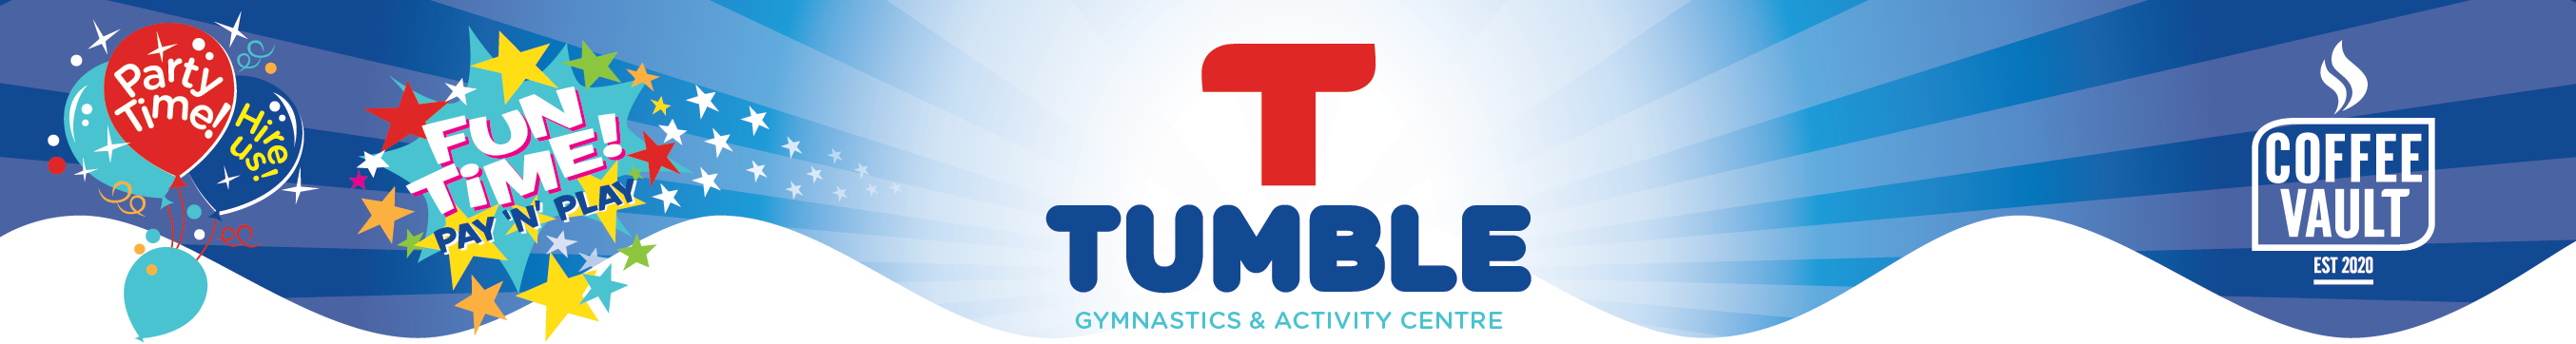 Fun Time - Tumble Gymnastics and Activity Centre
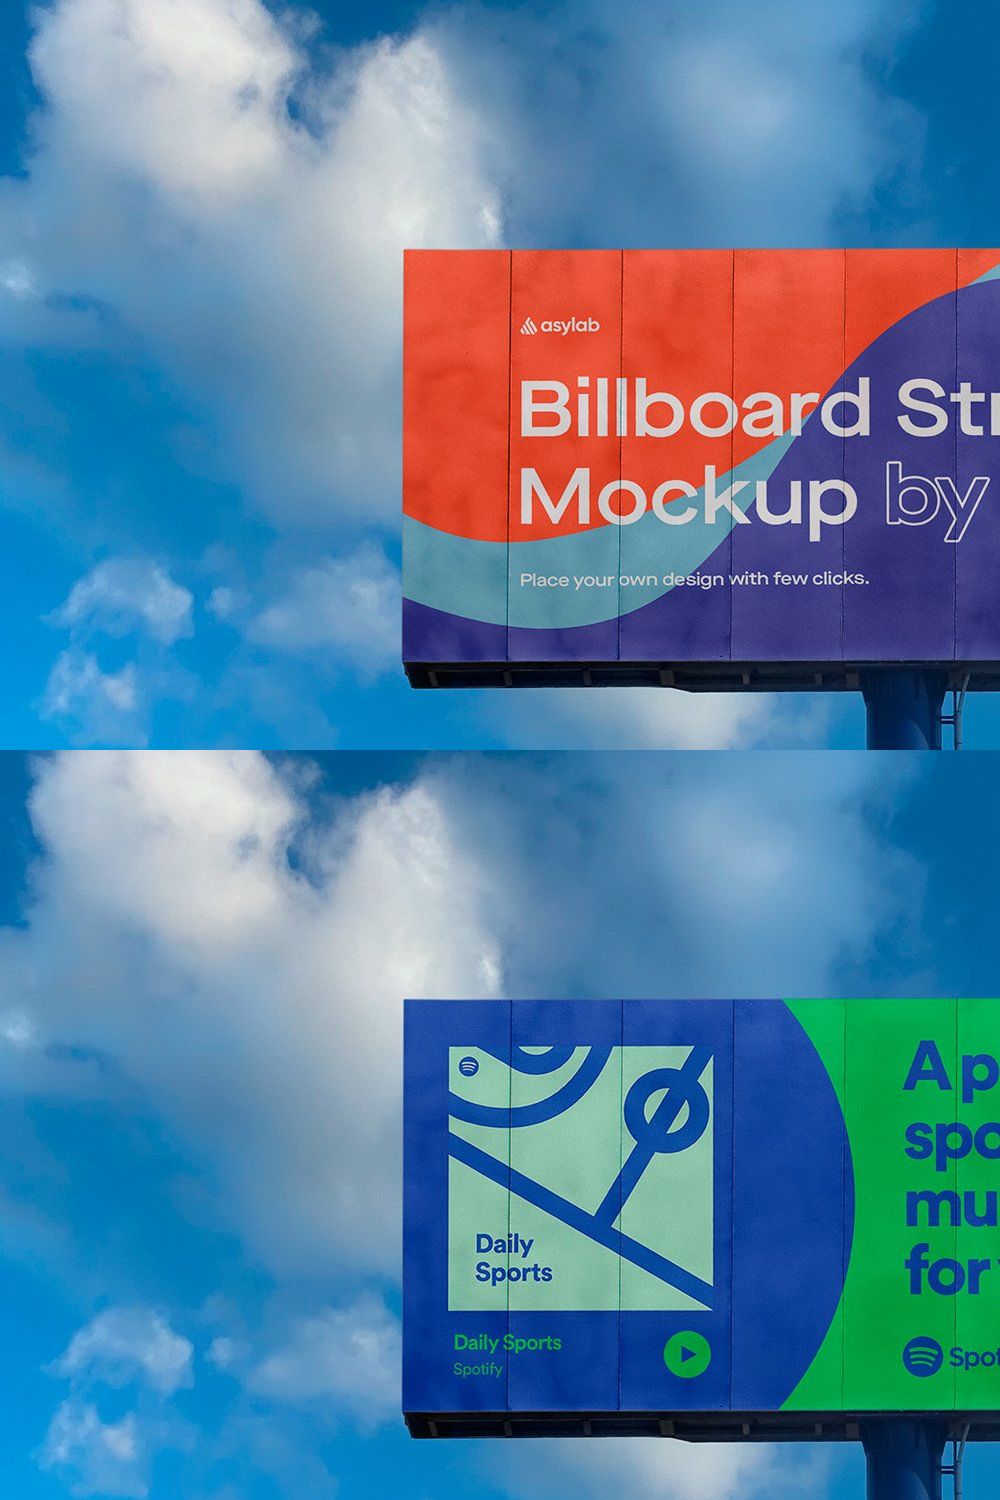 Billboard Urban Street Mockup - PSD pinterest preview image.
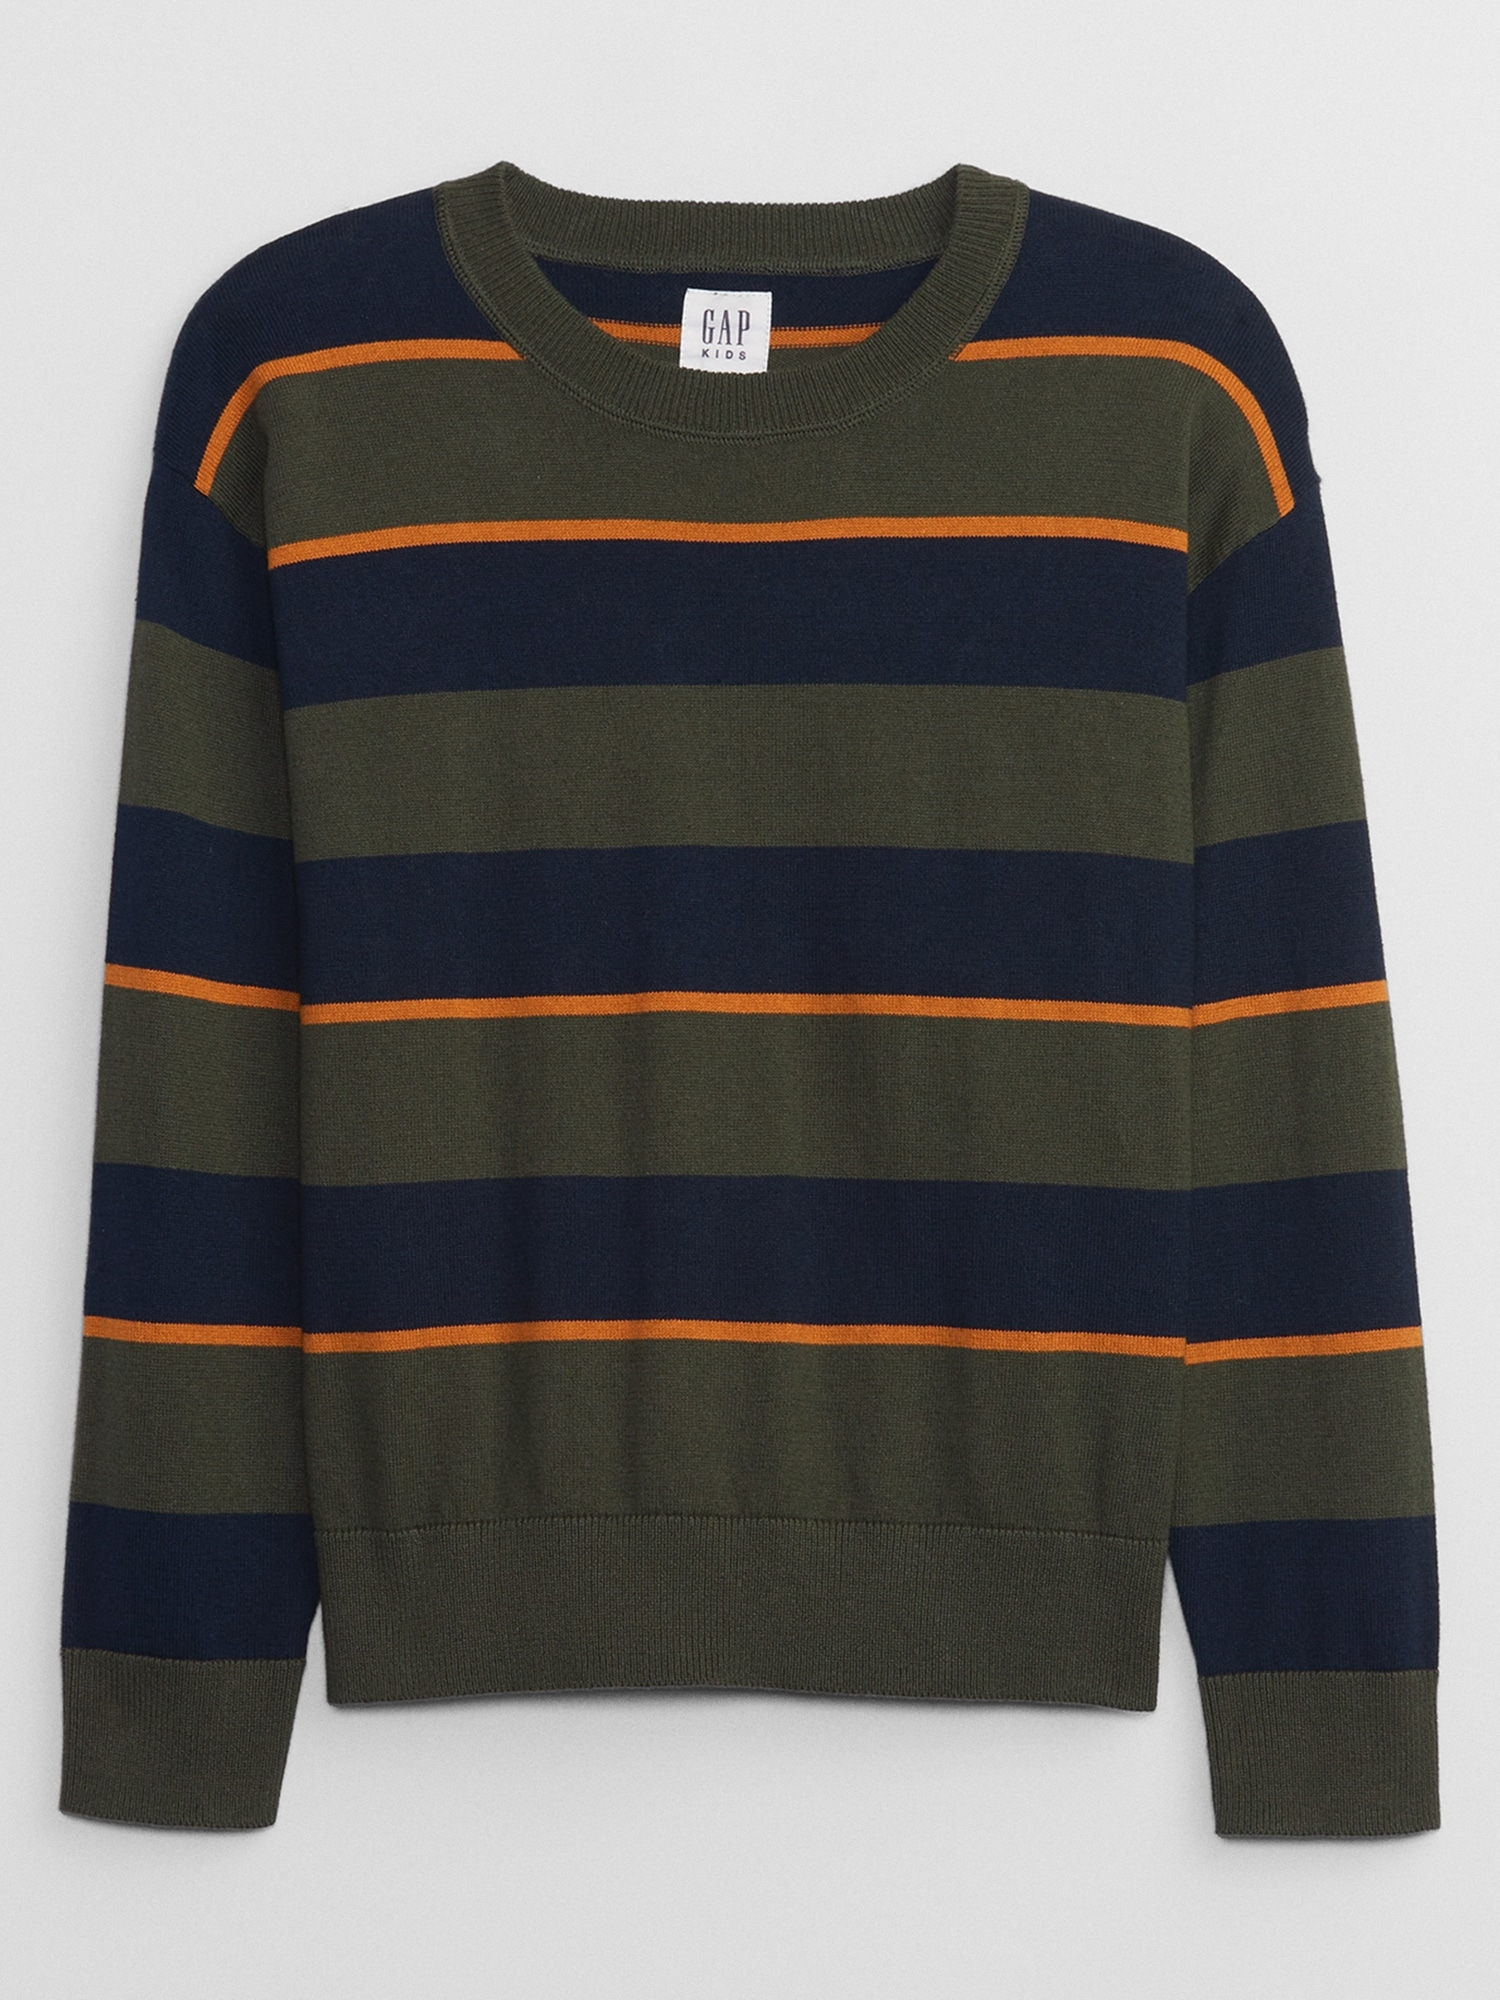 Kids Crewneck | Sweater Stripe Factory Gap

************

* _Requirement_: Print the listing verbatim, images excluded.

* _Answer area_:
 Fun Time - Tumble Gymnastics and Activity Centre
 Billboard Urban Street Mockup - PSD pinterest preview image.
 Kids Crewneck | Sweater Stripe Factory Gap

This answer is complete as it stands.